According to the recent research, ROS are produced at greater rate in diabetic patients, and it has been found that they are strongly implicated in the development of diabetes-associated complications [37]. This increase in ROS cause damage especially in the postprandial state where there is acute rise in blood glucose levels [13]. According to literature, ROS are produced in diabetes through different mechanisms including nonenzymatic glycosylation reaction, electron transport chain in mitochondria, and membrane-bound NADPH-oxidase. During persistent hyperglycemia, glucose forms covalent bond with proteins through nonenzymatic reaction leading to the production of glycated proteins such as glycated albumin and glycated hemoglobin. In diabetics, electron transport chain in mitochondria is activated to a greater extent than normal individuals, which leads to overproduction of ROS. Angiotensin II and advanced glycation end products induce the production of NADPH-oxidase that further increases ROS production [38]. These ROS are involved in pancreatic beta cell dysfunction, insulin resistance, and atherosclerotic complications of diabetes. Lower expression of glutathione and catalase antioxidant enzymes makes pancreatic beta cells more susceptible to ROS, which leads to beta cell dysfunction [39]. It has been cited in literature that chronic consumption of an antioxidant, alpha-lipoic acid reduced insulin resistance supporting the study that antioxidants are involved in decreasing insulin resistance [40]. These investigations suggest that the treatment of diabetes with potent antioxidant drugs would have significant effect on the development of DM2 and atherosclerosis in future. In the current study, ABTS and DPPH antioxidant assays were conducted for the synthesized compounds to investigate their antioxidant potential.

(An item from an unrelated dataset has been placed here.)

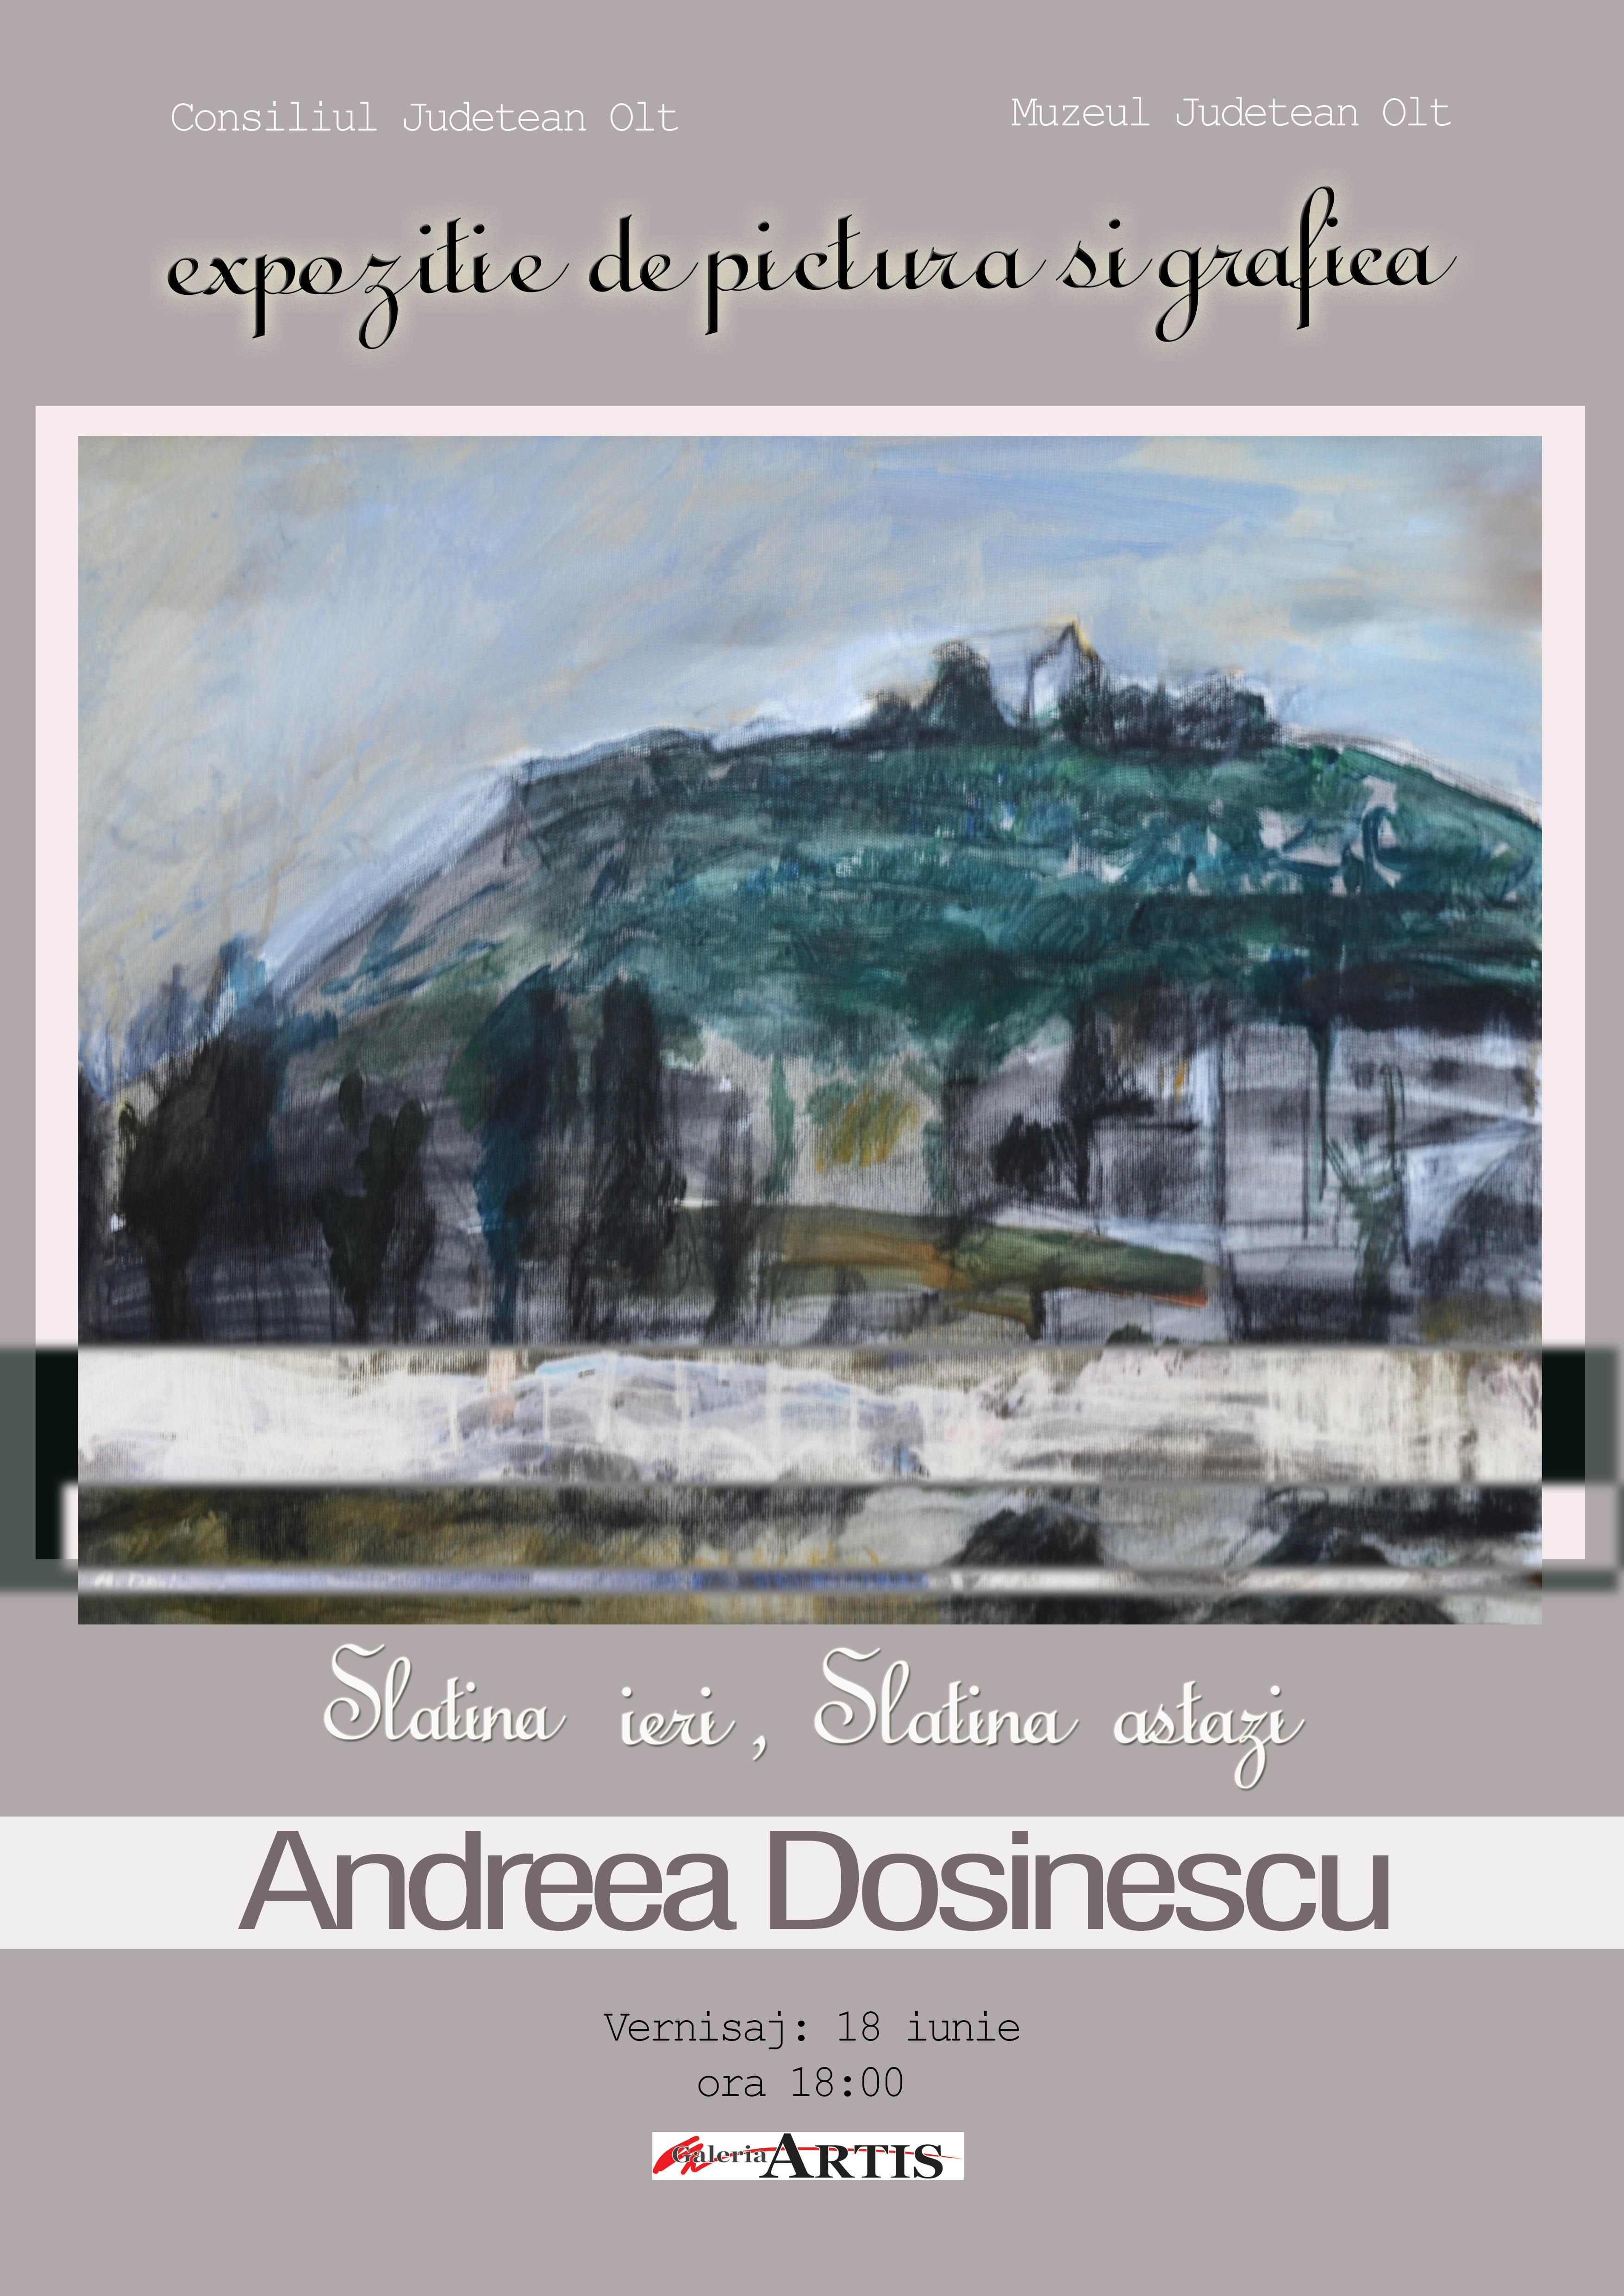 """""""Slatina Ieri, Slatina Astazi"""" – Andreea Dosinescu"""

According to literature, several succinimide derivatives were found to have antidiabetic activities such as cyanoacetate derivatives [41], (S)-1-(2,5-dioxo-1-phenylpyrrolidin-3-yl) cyclohexanecarbaldehyde and (R)-2-((S)-2,5-dioxo-1-phenylpyrrolidin-3-yl)-2-phenylpropanal [42], and isothiocyanate derivatives of succinimides [43]. No studies were found on ketone derivatives of succinimides as antidiabetic potential. Based on the structure resemblance of the ketone derivatives with antidiabetic agents containing five membered rings such as thaizolidinedione, it is assumed that these derivatives have antidiabetic potential.

5. Conclusion

The identification and potential of some new succinimide derivatives is reported herein. All the ketone derivatives of succinimide displayed significant inhibitory potential. The synthesized compounds showed better ABTS and DPPH scavenging activities. Apparently, BW1 showed better inhibition of alpha amylase and alpha glucosidase enzymes. In the in vivo acute toxicity study, no unusual signs were observed. Moreover, we also subjected these three compounds (BW1, BW2, and BW3) to the in vivo studies. Our compounds showed significant hypoglycemic effects as compared to the standard drug glibenclamide. These compounds were not assessed previously for their antioxidant and antidiabetic potential. In future work, we planned to use medicinal chemistry approaches to design succinimide conjugates with ester as bioactive scaffolds.

Data Availability

All data used to support the findings of this study are included within the article.

Conflicts of Interest

The author(s) declare that there are no conflicts of interest regarding the publication of this paper.

Acknowledgments

The authors thank the Department of Pharmacy, University of Swabi for providing lab facility. This research was not supported by any kind of funding agency.